Weisselberg and McConney, both prosecution witnesses, helped the defense at times. Bender, who spent years preparing tax returns for Trump and his businesses, was called by the defense but occasionally helped the prosecution.
Prosecutors led off with McConney, who spent parts of five days on the witness stand. He tested positive for COVID-19 on the trial’s second day, delaying the trial for more than a week. After he showed a more favorable demeanor to defense lawyers, prosecutors won permission to treat him as a hostile witness.
Deborah Tarasoff, the accounts payable supervisor, was next.
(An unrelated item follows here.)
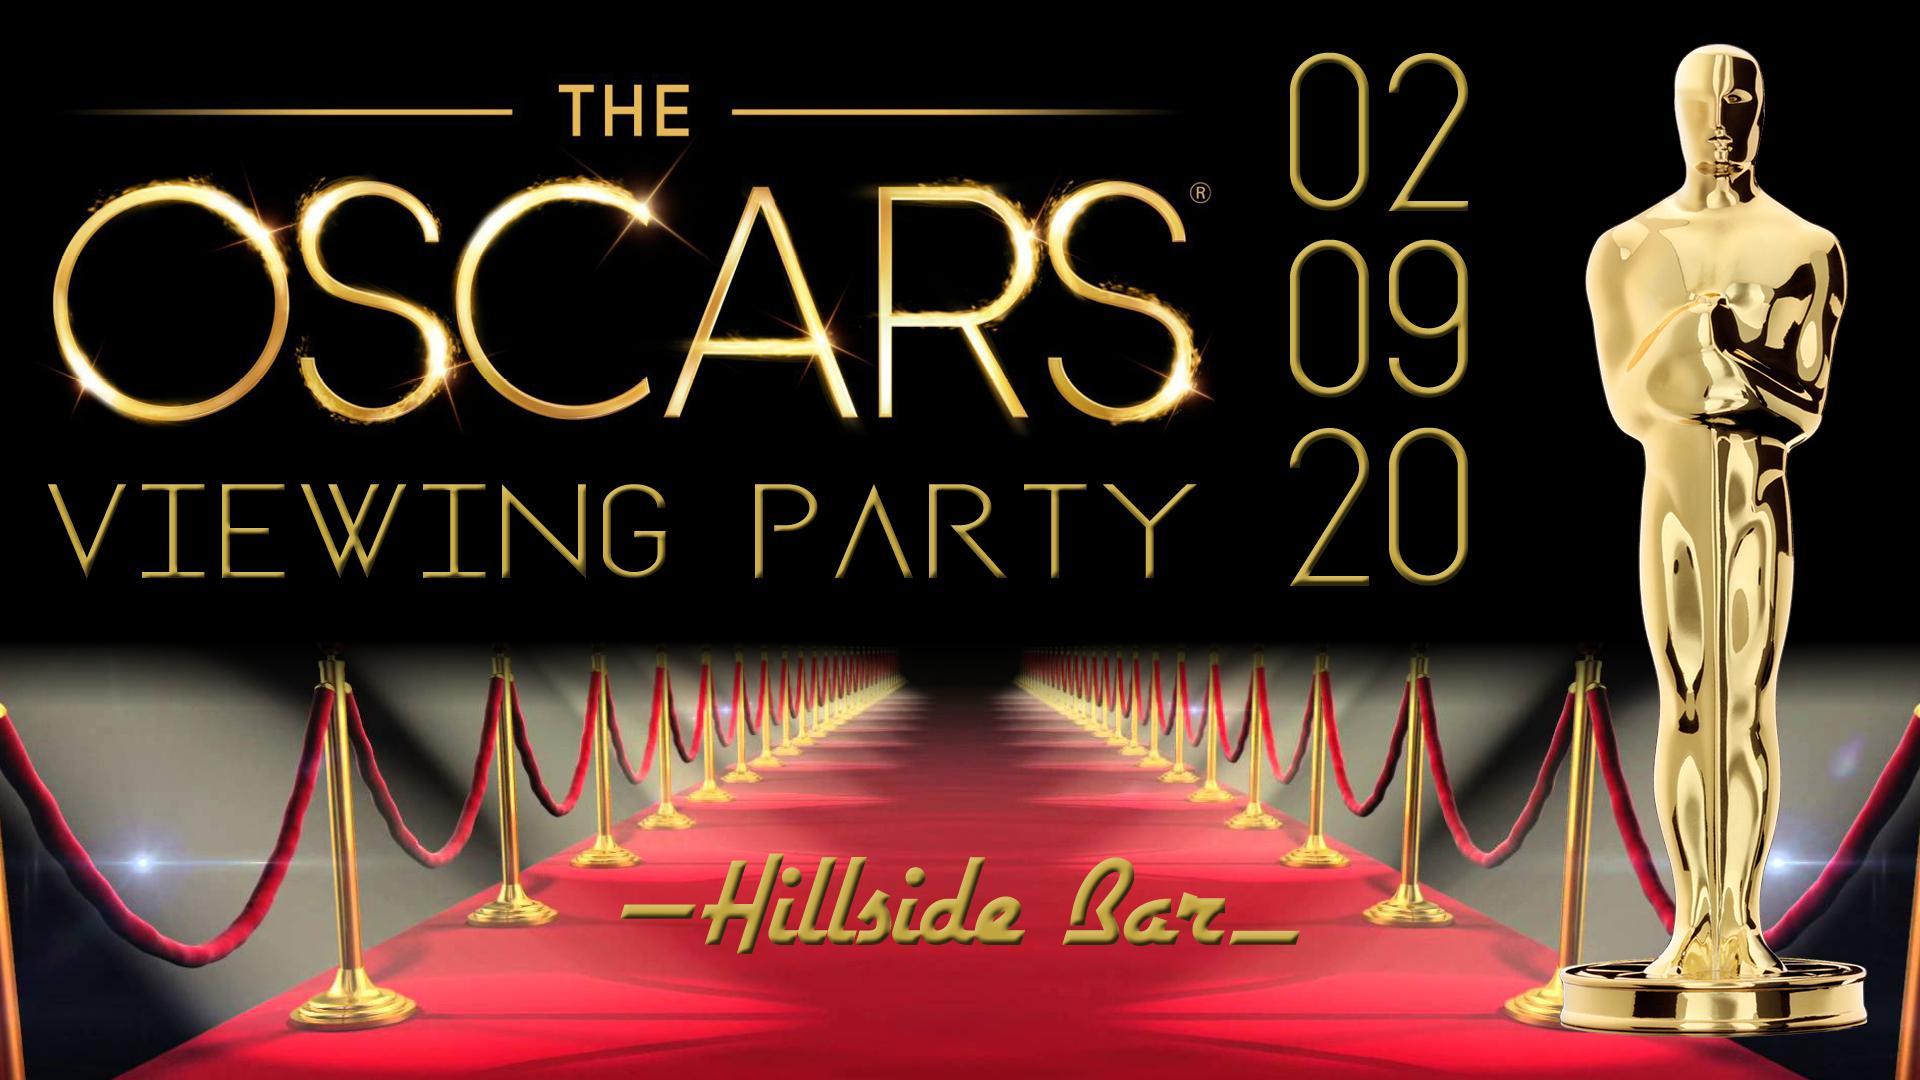 Hillside Oscar Party 2020
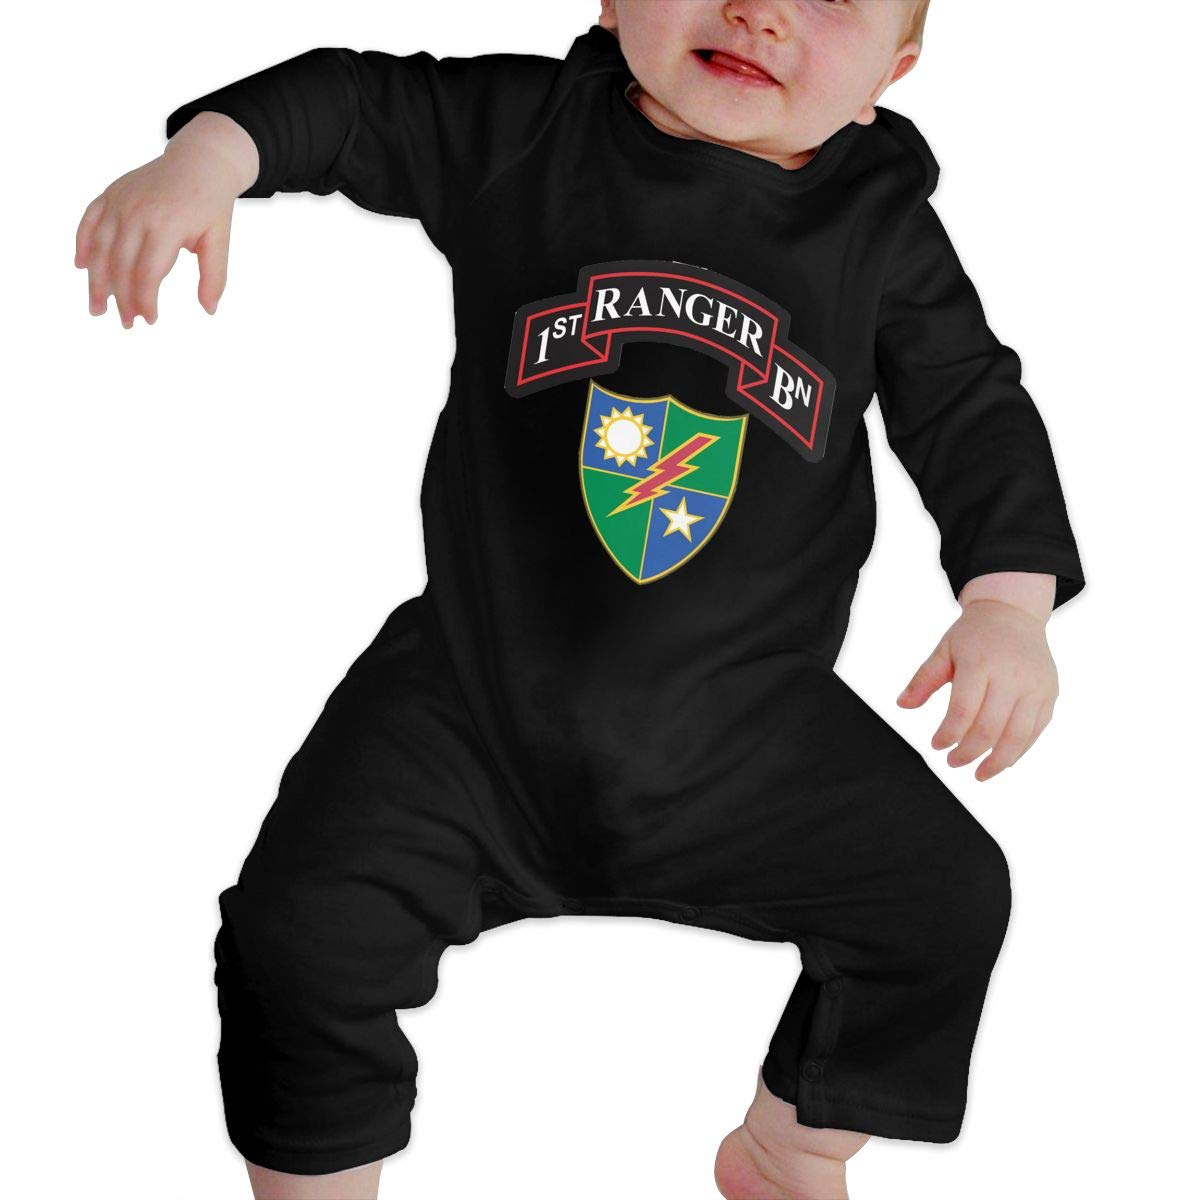 MiNgosRY 1st Battalion 75th Ranger Regiment Newborn Baby Long Sleeve Bodysuits Rompers Outfits

Then came Weisselberg, who testified as the prosecution’s star witness in exchange for a promised five-month jail sentence.
Prosecutors also called a forensic accountant for the Manhattan district attorney’s office and an auditor for the state tax agency.
The defense rested after calling just two witnesses: Bender, whom company lawyers sought to discredit and treat as a hostile witness, and a paralegal who appeared briefly to verify tax information referenced in a 2013 email that Weisselberg sent to Bender.
FUTURE OF INVESTIGATION
Trump himself is not on trial, but Manhattan District Attorney Alvin Bragg sent his strongest signal yet Monday that he’s seriously looking at whether to charge the former president after saying for months that the probe is “active and ongoing.”
Bragg announced he’s putting Matthew Colangelo, who led Trump-related investigations at the New York attorney general’s office, in charge of sensitive and high-profile white-collar investigations such as the Trump probe.
The Trump Organization case is the only trial to arise from the three-year investigation. No former president has ever been charged with a crime.